= Sắc Tứ Tam Bảo Temple =

Buddhist temple in Vietnam

Sắc Tứ Tam Bảo Temple is an historic Buddhist temple in Rạch Giá, a town in Kiên Giang Province in the Mekong Delta region of southern Vietnam. It is one of two famous temples of the same name in Kiên Giang, the other being in Hà Tiên.

== History ==
The site of the temple was the location where a local lady by the name of Dương Thị Cán, also known Lady Hoặng, undertook her religious practices in the late 18th century. At the time Nguyễn Phúc Ánh, the nephew of the last of the Nguyễn lords, was the only surviving member of the family to escape from Saigon after his family had been killed in the uprising of the Tây Sơn dynasty. He went into hiding in the Mekong Delta in the late 1770s and 1780s, and Lady Hoặng was one of his benefactors. Later, he reunified Vietnam in 1802 for the first time in its modern state and proclaimed himself as Emperor Gia Long of the newly created Nguyễn dynasty. Gia Long had the temple built in honour of Lady Hoặng.

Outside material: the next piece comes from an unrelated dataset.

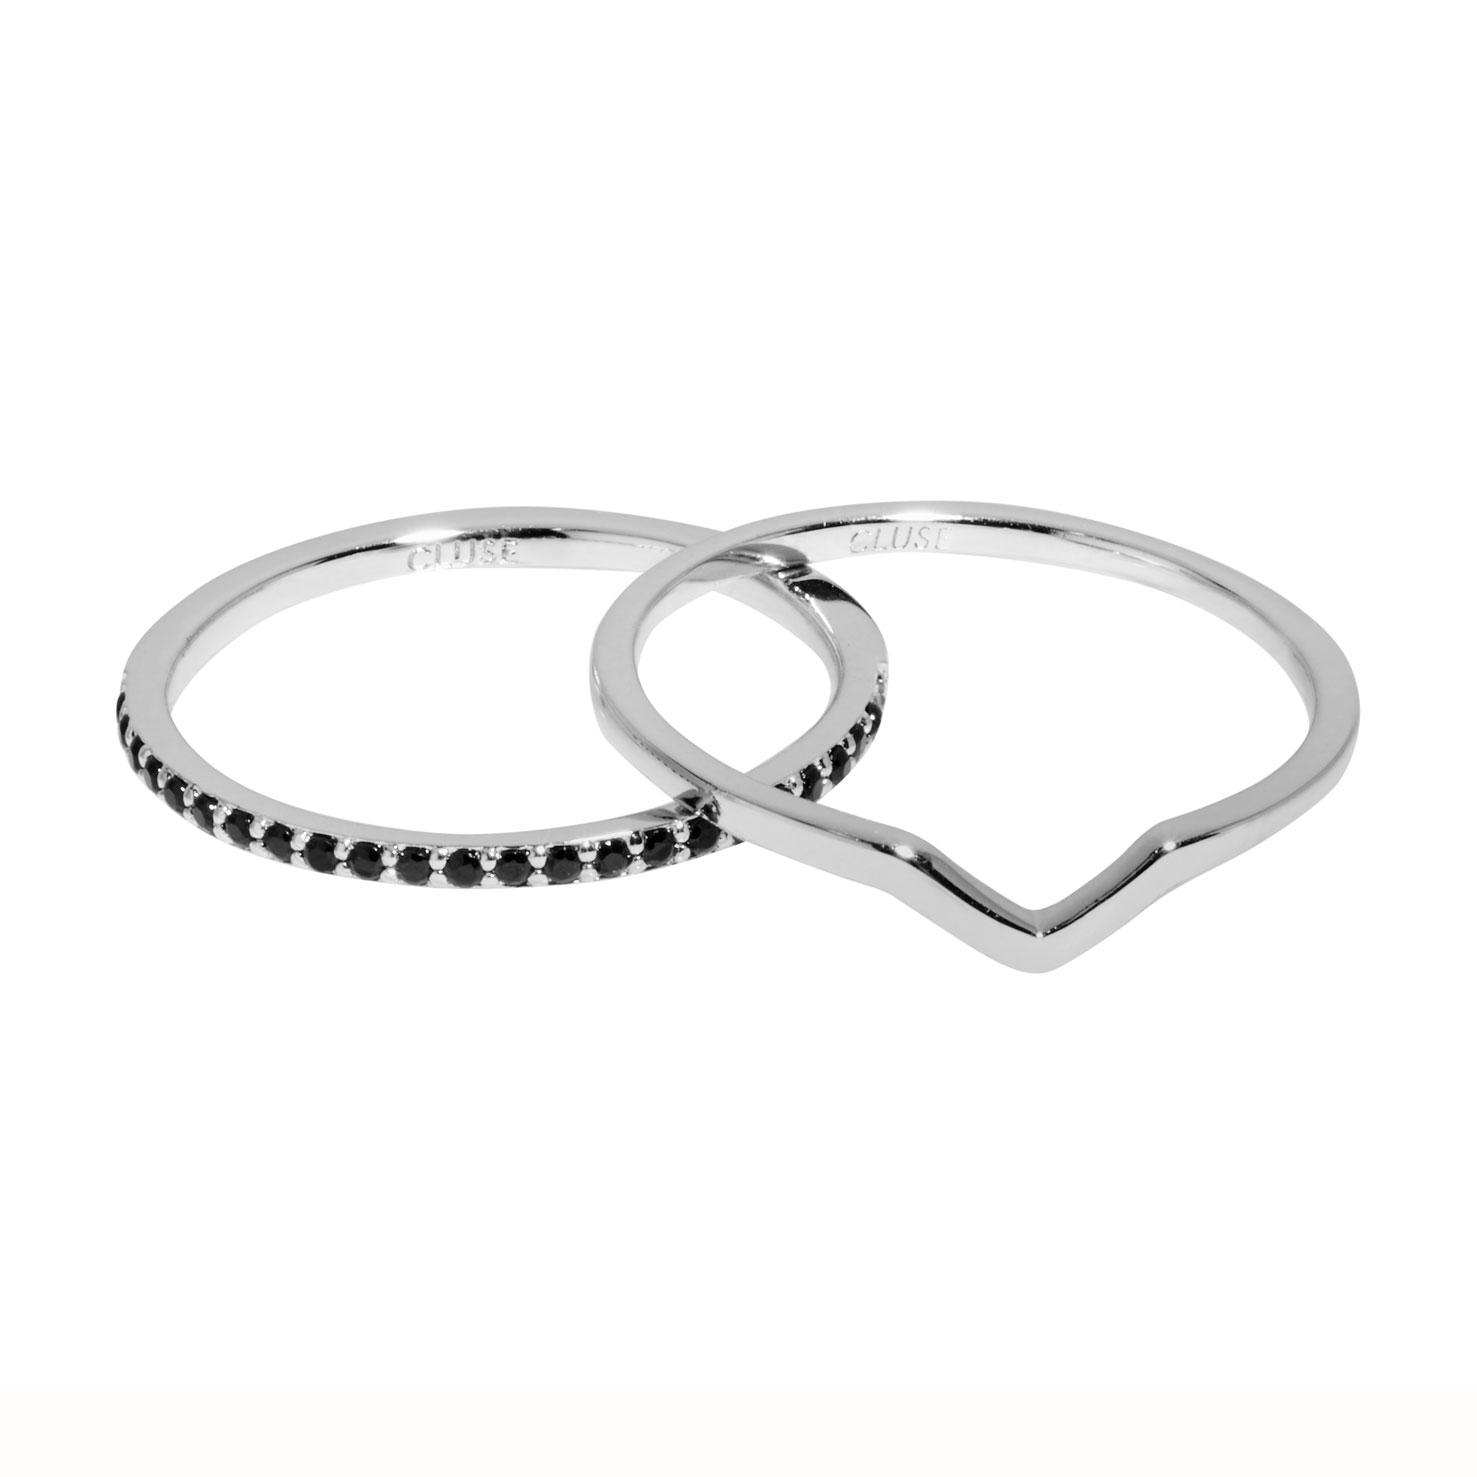 Afbeelding van CLUSE Essentielle Set Chevron and Black Crystal Ring CLJ42004 54 (Maat: 54)
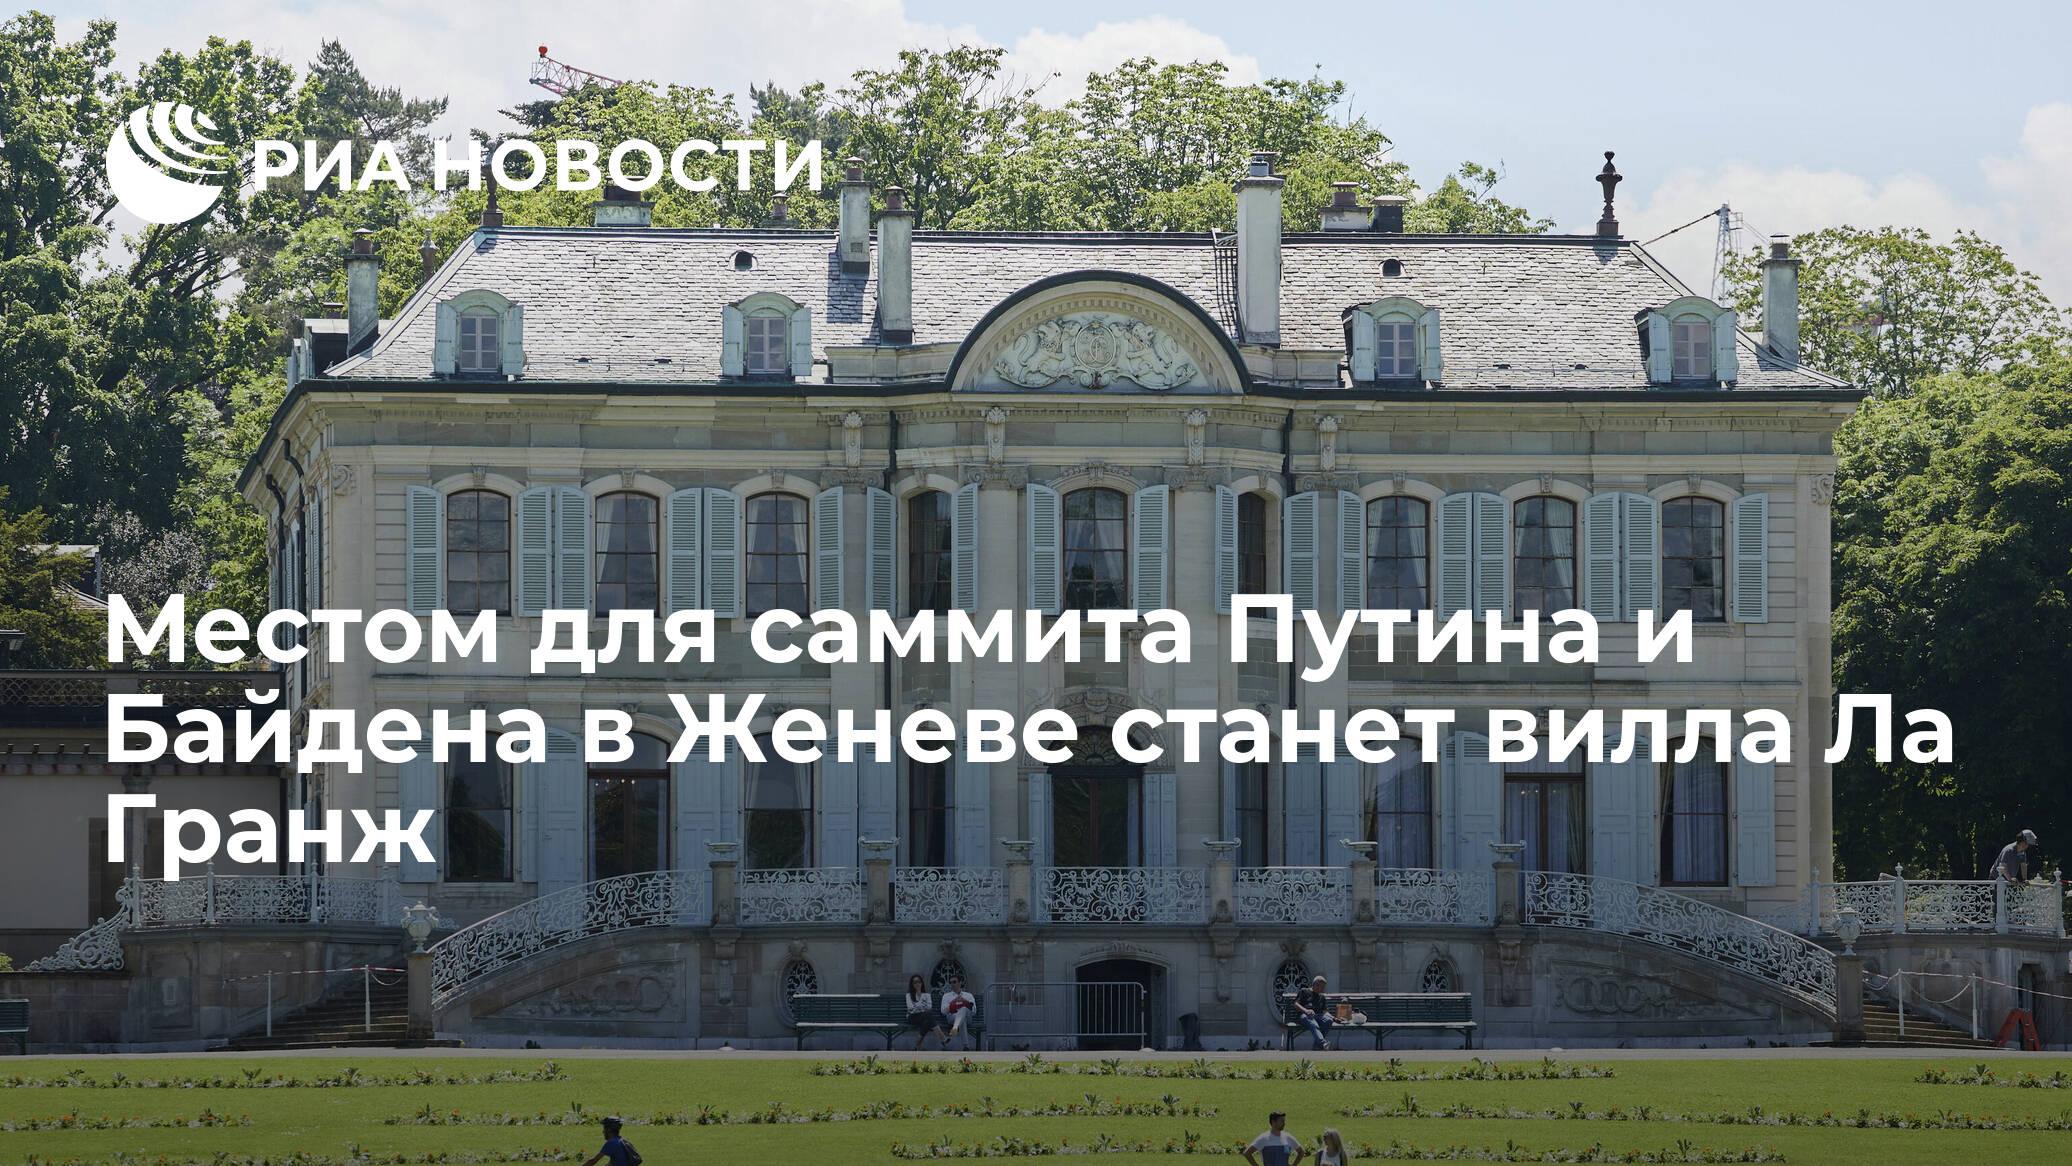 Местом встречи Путина и Байдена в Женеве станет вилла Ла Гранж

The temple is located at 6 Thích Thiện Ân Street in the town of Rạch Giá. The name sign of the temple is visible from Nguyễn Trung Trực Street. The main hall of the temple is built in the thượng lầu hạ hiên architecture style. There is also a three-storey stupa to the side of the temple. The main hall of the temple is 14.50 m wide and 22 m long. The statues of Amitabha Buddha, Gautama Buddha and various bodhisattvas adorn altars with gold paint.

The eastern sanctuary of the temple serves as a guest room and the office of the abbot. The western sanctuary is used as a dharma hall and also dispenses free medical treatment to local townsfolk.

The history of the temple is closely associated with the achievements of Thích Trí Thiền (1882-1943), who was responsible for the renovations in 1917 that brought the temple into its current state. He was also the founder of the Southern Association of Buddhist Research, which came into being in 1931. The office of the association is at Linh Son Temple in what is now Ho Chi Minh City. He then returned to Rạch Giá to form another Buddhist association for propagating dharma as well as social service.

After the 1916 Cochinchina uprising against French rule, the temple was taken over by local revolutionaries who used it as a cover to manufacture munitions for attacking the French army. When the operations were discovered by French police, Thích Trí Thiền took the blame to spare the revolutionaries and was sent to Côn Sơn island's prison for anti-colonials, where he died in 1943. Today, the temple is the headquarters of the board of the Provincial Buddhist Association of Kiên Giang. The temple was decreed to be a site of historical and cultural interest by the government of Vietnam on March 3, 1988.